(d)(4)(A) vs. (d)(4)(C) - The Great Debate
We are seeing a lot of attorneys drafting d4A Special Needs Trusts for disabled beneficiaries under age 65 when they should use a Pooled Trust. We administer both individual and our pooled SNT, so it doesn't really matter to us. I will propose a thought that there is never a good reason to draft an individual SNT over our Pooled Trust. The traditional arguments for drafting a stand alone (d)(4)(A) SNT over a pooled trust include: 1) I want to be the trustee (or name a family member), 2) I want the trustee to pay back the Medicaid lien and then the rest go to designated beneficiaries and 3) I want to invest the funds, or have my investment person handle the investments. I will take each of these points in turn.

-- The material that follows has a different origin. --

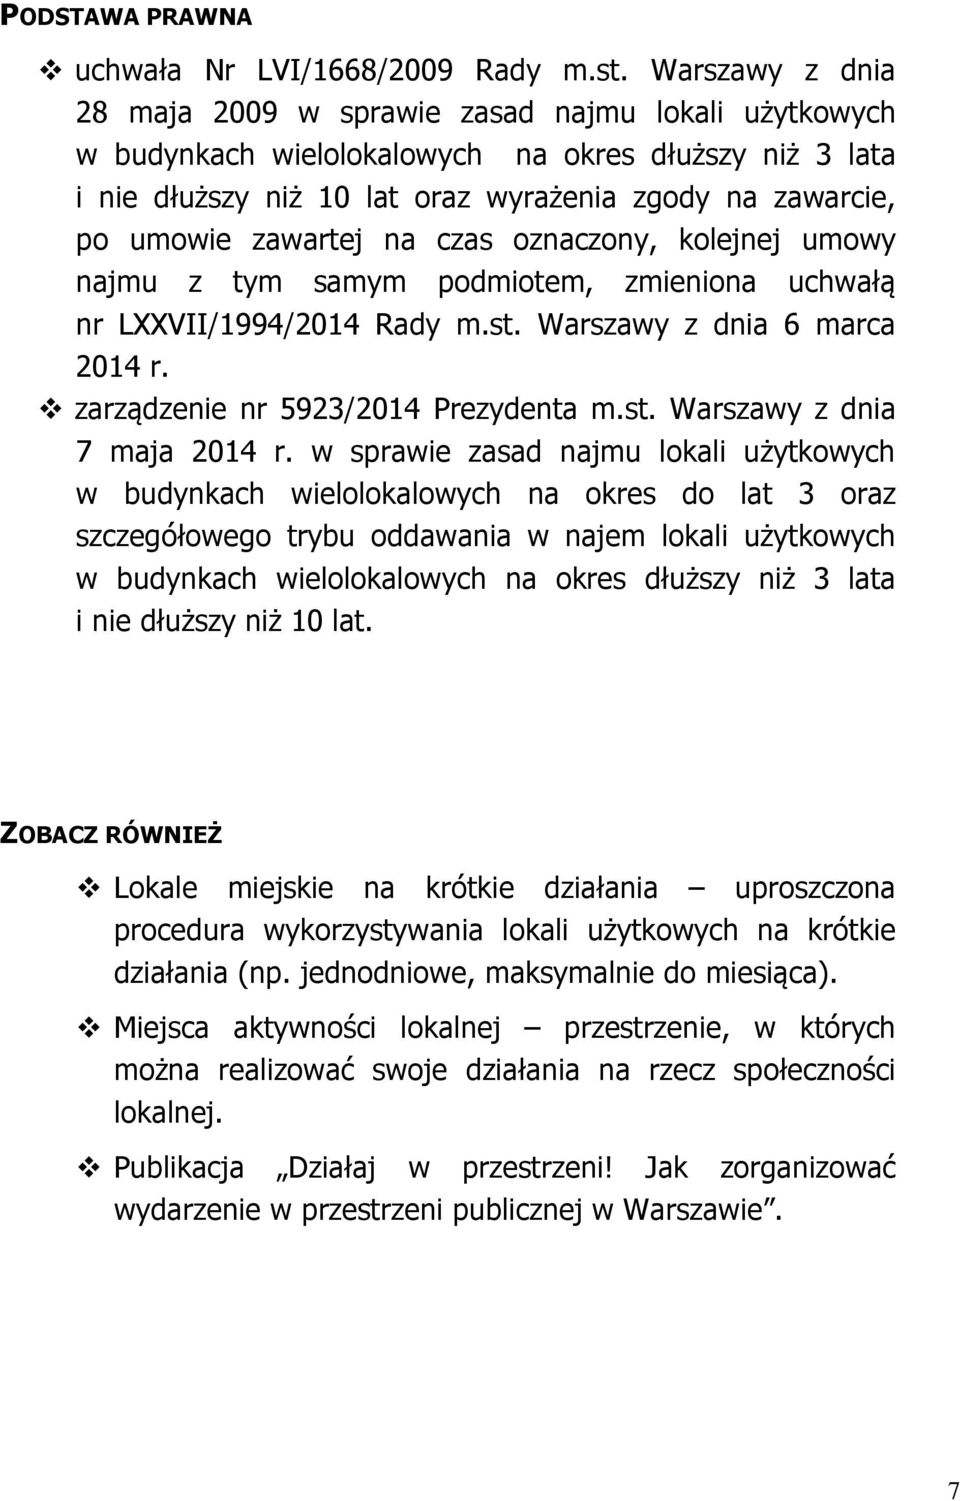 zawartej na czas oznaczony, kolejnej umowy najmu z tym samym podmiotem, zmieniona uchwałą nr LXXVII/1994/2014 Rady m.st. Warszawy z dnia 6 marca 2014 r. zarządzenie nr 5923/2014 Prezydenta m.st. Warszawy z dnia 7 maja 2014 r.

Individuals do not know how to administer trusts in general, let alone SNT's. The federal law and policy is constantly changing, particularly for beneficiaries receiving Supplemental Security Income, or SSI. It is extremely difficult to keep up with these changes and family members are not attuned to these programs. We routinely see well-intentioned Trustees who have improperly administered a SNT and thus caused a loss of benefits. Then there is the opposite - the Trustee who runs into financial problems and decides to "borrow" from the SNT, or just outright steals the money. Individual Trustees are often not insured and do not have independent auditing of the SNT. It is a rare individual who can do a good job as Trustee of a SNT.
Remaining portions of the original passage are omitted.